The scars of the ongoing process of updating of the National Register of Citizens (NRC) in Assam are now becoming visible in cultural expressions, in poetry and music. Miya poetry is one such genre, which seeks to voice the concerns of Muslims of Bengali origin, who live in the chars (river islands) of the Brahmaputra in Assam. Now Assam police has filed an FIR against 10 persons whose works feature in a video of Miya poetry, I am Miya: Reclaiming Identity Through Protest Poetry, on the basis of a complaint filed in Guwahati. The complaint alleges that the intent of the accused is to “hinder the process of the NRC”, “create communal disturbances in the state” and “defame the Assamese people as xenophobic”. The complaint, and the FIR, are a crude attempt to suppress a community from even expressing fears about being singled out on grounds of ethnic identity.
The NRC is a process mandated by the Supreme Court to identify “foreigners” in Assam. It is a legacy of Partition-era politics that saw nationalism through the prism of religious, linguistic and ethnic faultlines.
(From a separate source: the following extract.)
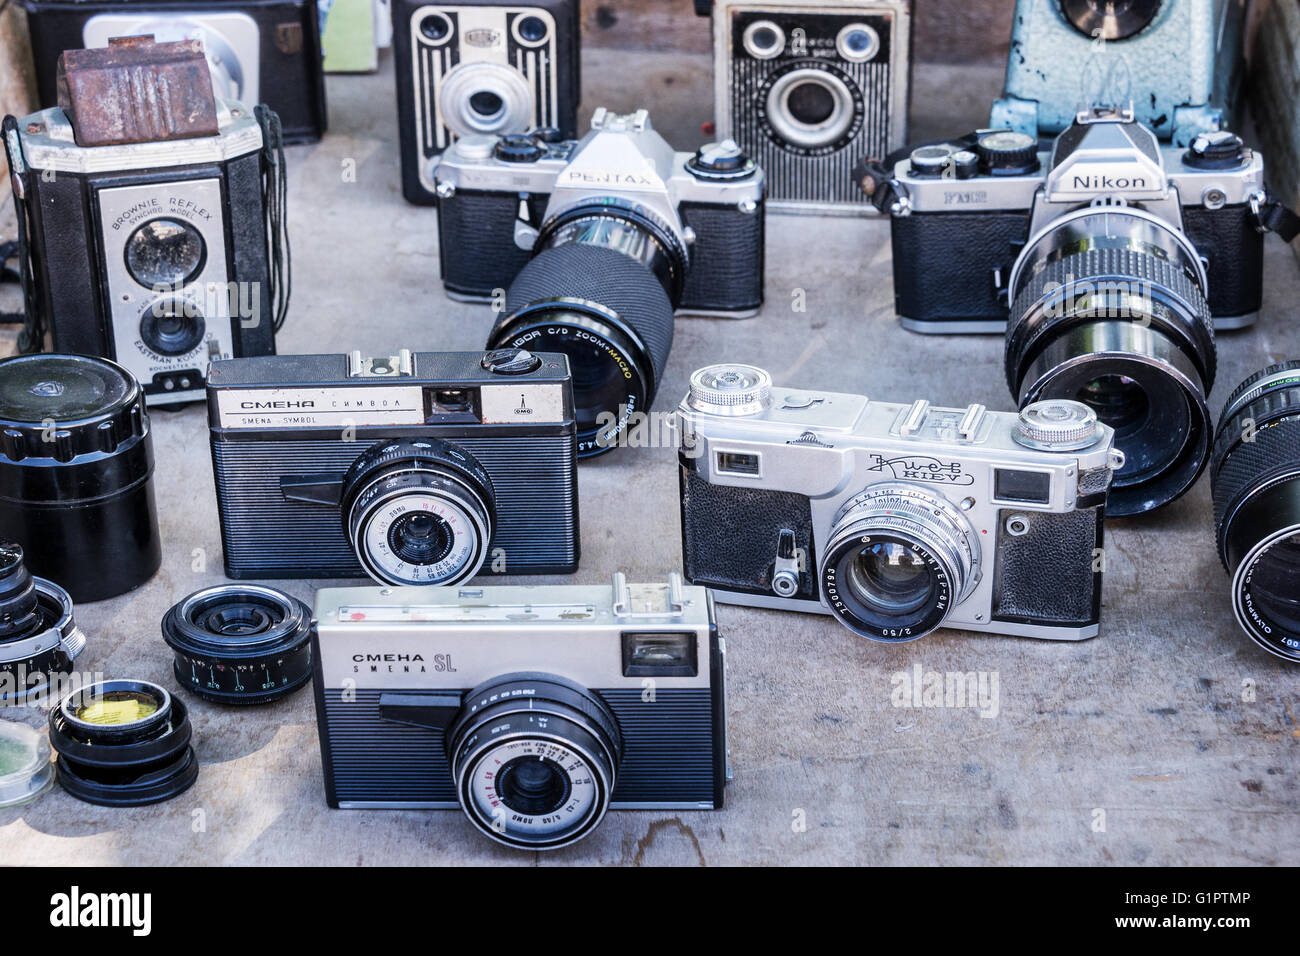 HABANA, CUBA - 18 aprile: collezione di fotocamere vintage su un mercato delle pulci, il 18 aprile 2016 a L'Avana Vecchia Foto Stock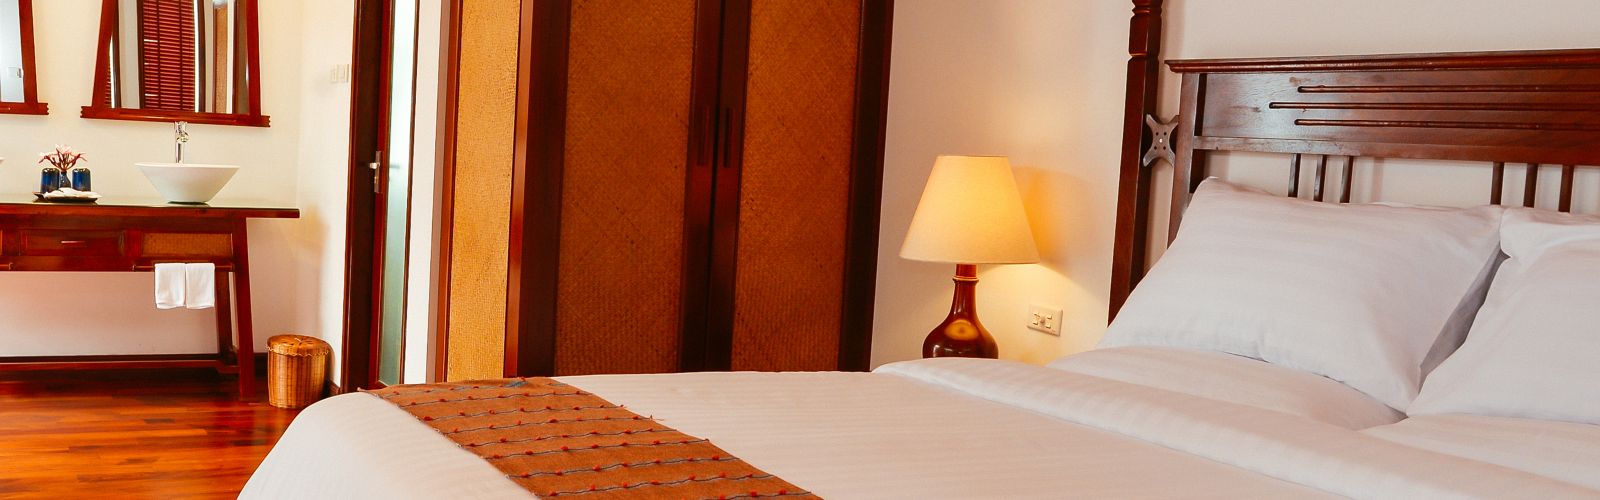 Hotels in Luang Prabang

The Assam Movement in the 1970s gave it fresh impetus and it has since found backing from the judiciary. The advent of the BJP, which wants the “foreigner” tag attached only to Bengali Muslims, to office in Assam has given the NRC process a religious twist. The people left out of the NRC — 40 lakh so far — face the threat of being deported to detention camps that have been set up in Assam. Miya poetry is a defiant response to a tragedy unfolding under state supervision. It also signals assertion and resistance by a besieged community that is finally owning up an identity: Miya has been used as a slur to mean a Bangladeshi or an illegal immigrant. The Miya poem that has touched a raw nerve now is a powerful rap at a process that dehumanises people, reduces them to their mere ethnic identity and, thereafter, strips them of their rights. It is no call to arms.
The Miya poetry video is a call to understand the NRC outside a legalistic framework. It should not be suppressed, but actively seen and heard, to understand the human tragedy that underlies the NRC process.